Olga was there. It would have been a pleasure to see her again if Olga had been in the mood. But the blowpipes made in China had got lost between Shanghai and Douala. The arrows had got there safely, but Olga had been thrown by the behaviour of the customs officers at Douala. At first the blowpipes were regarded as weapons of mass destruction, and their container was held up; then they had never arrived; then the parcel was definitely there, but it wasn’t a parcel of blowpipes; in any case she had to pay through the nose to get them cleared. Olga had decided to commission a local artisan to make two hundred blowpipes out of softwood; after all, there was no shortage of wood. On the other hand, around there they only knew how to make machetes and assegais; she had to do drawings and calculate the right dimensions. One by one, the local artisan made them. His name was Ignatius; he was up to one hundred and eighty. The whole village was in training, the two hundred extras, almost all the men, and the women when they didn’t have something better to do. There were plastic arrows all over the ground, everywhere.

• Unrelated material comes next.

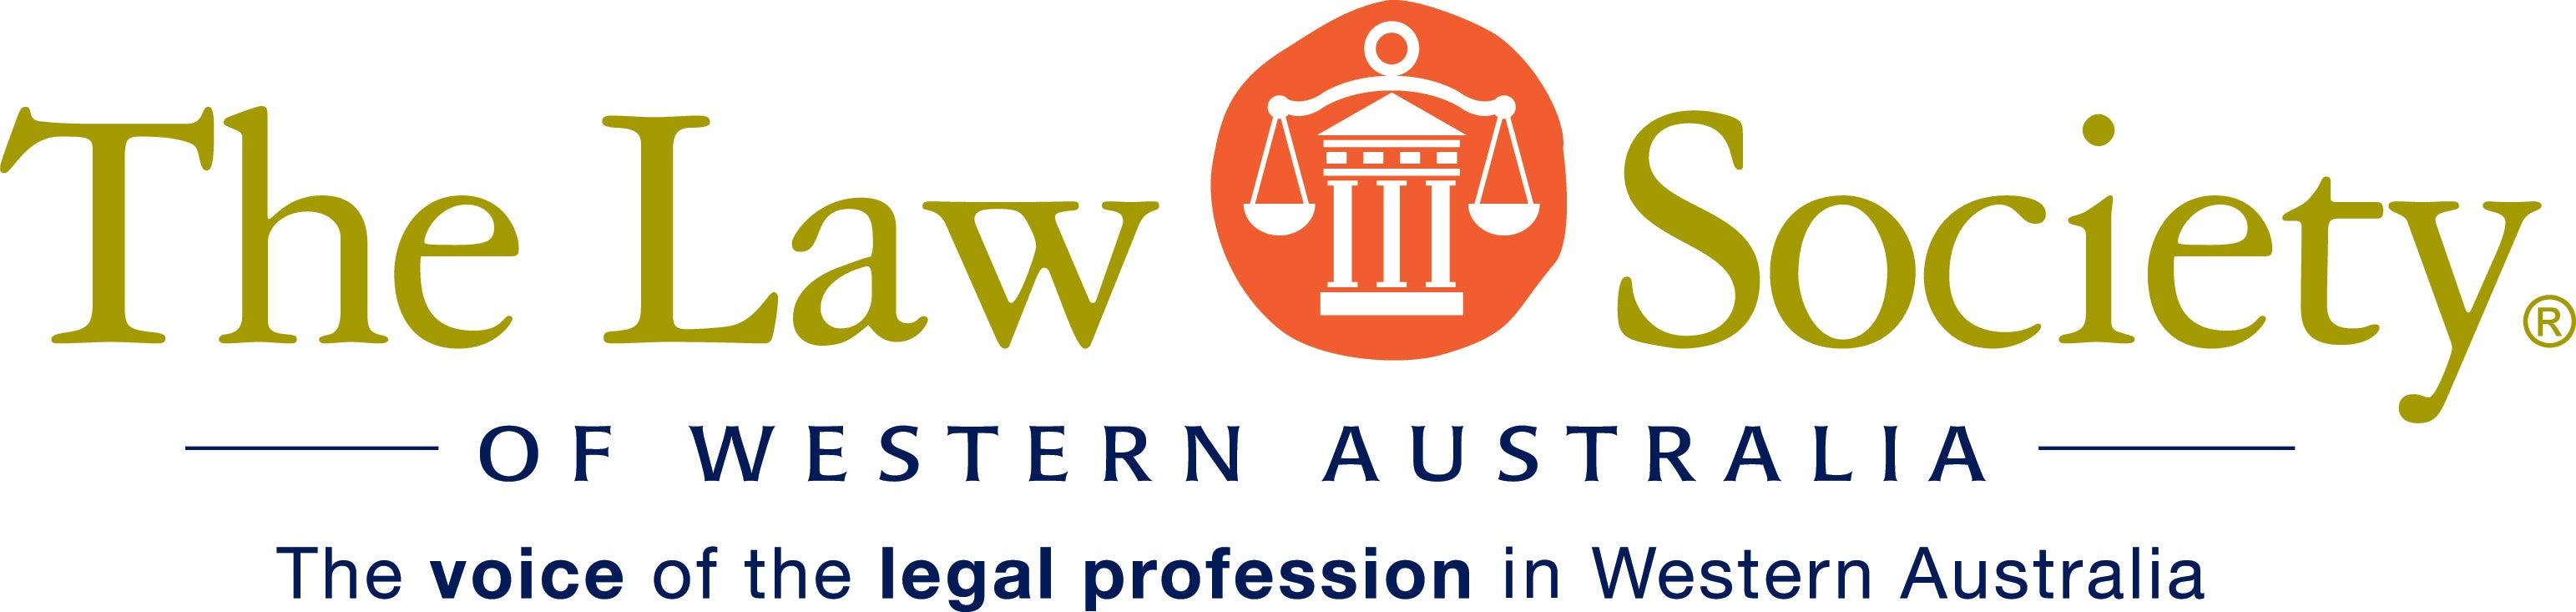 the Law Society of Western Australia logo

Solange was sitting in the shade of a frangipani tree, on a chair someone had brought there for her. She was sprinkling herself with a spray bottle of water. The legs of the chair were sinking into the ground. It was like a long siesta. She felt as if she was a germinating plant, her very cells proliferating. The ants were the only thing to watch out for; if an army of ants approached, she had to get out of their way. The ground was covered in dead leaves scattered with small beetles, and living creepers that she thought she could hear growing. She made herself shift around the shade’s compass in little jolts, just to get the heat moving.

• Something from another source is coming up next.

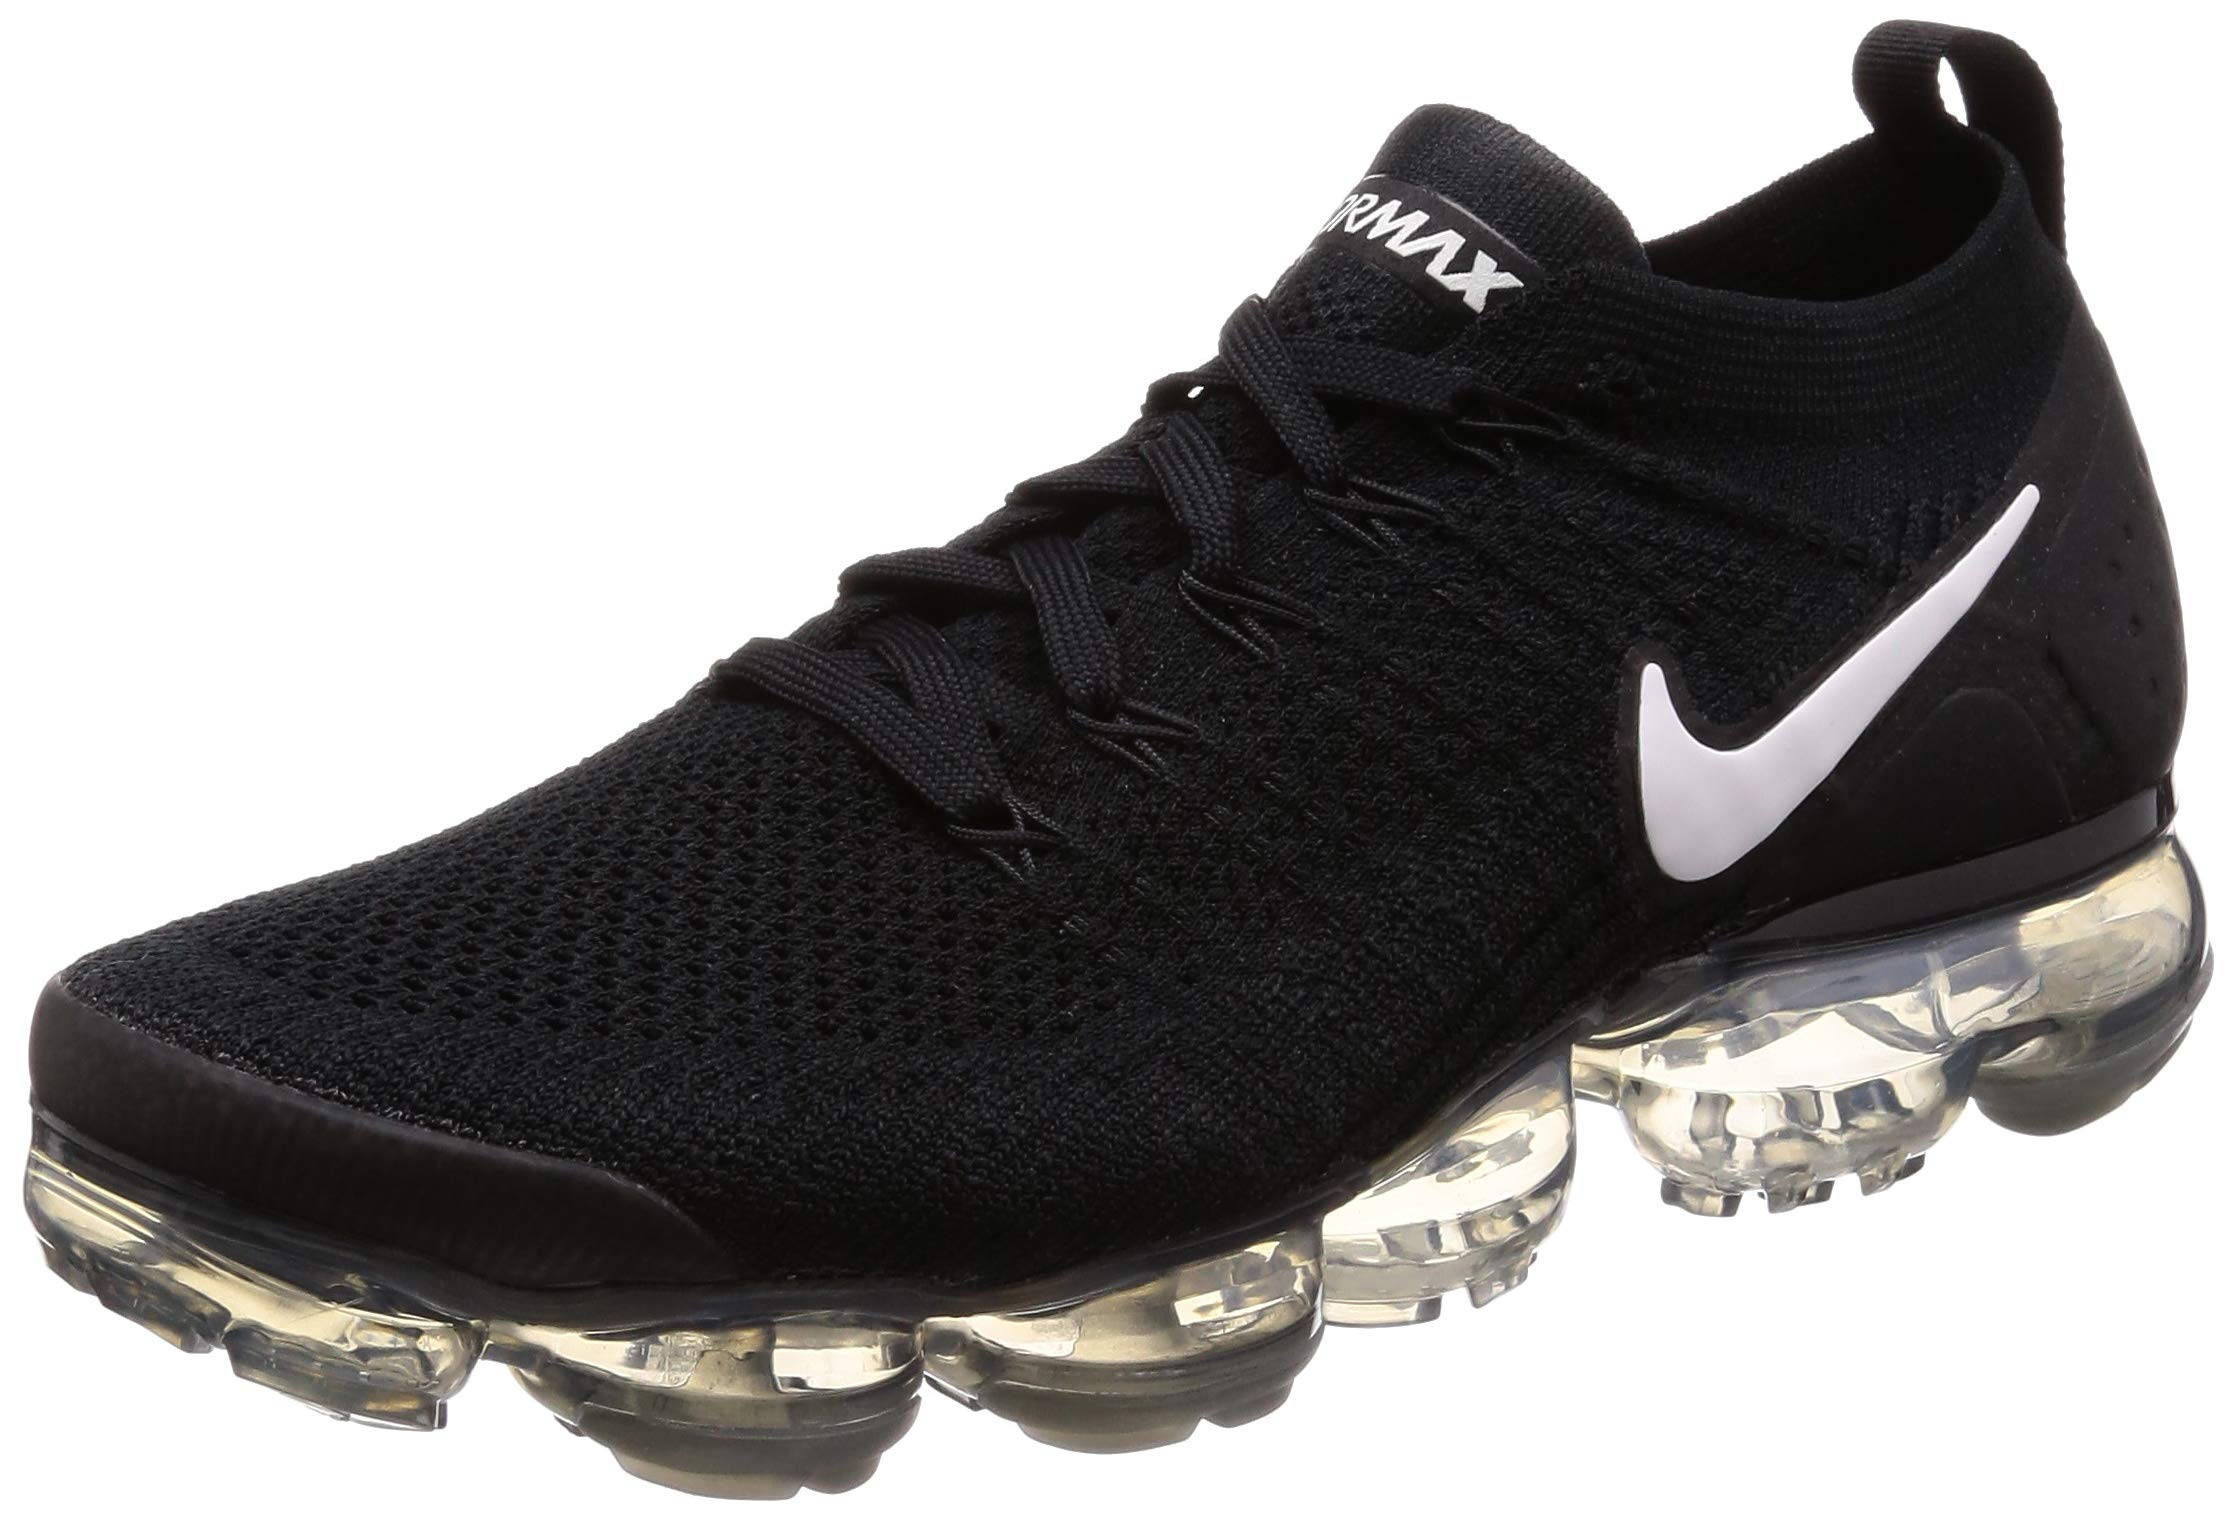 71OMeCK5buL - Nike Men's Air Vapormax Flyknit 2 Low-Top Sneakers

She had visions of Kouhouesso: he appeared in apparitions, flashes. He was working. He was filming. Lights. Camera. Action. She found it difficult to take, difficult to believe; she was on a film shoot without acting, not knowing what to do with her hands, her eyes, her body, her thoughts. Something was hovering, like air turning solid. Everything was vibrating in blocks of heat. Everything was dripping; the whole world was perspiring. Here at the Equator, the belt around the Earth, it was like an attack of shingles that was slowly going around, via her, Solange, on her chair. An illness which, once it had come full circle, would destroy her. The Special Tropical Insect Screen was useless: she scratched herself. Blisters. Kouhouesso seemed impervious to uncertainty; he had gone into another zone, into fiction. Occasionally she caught his eye; she would have liked to get up and kiss him in front of everyone, but by the end of the day the chair legs had left deep, narrow holes in the ever-present humus, like those left by spider crabs.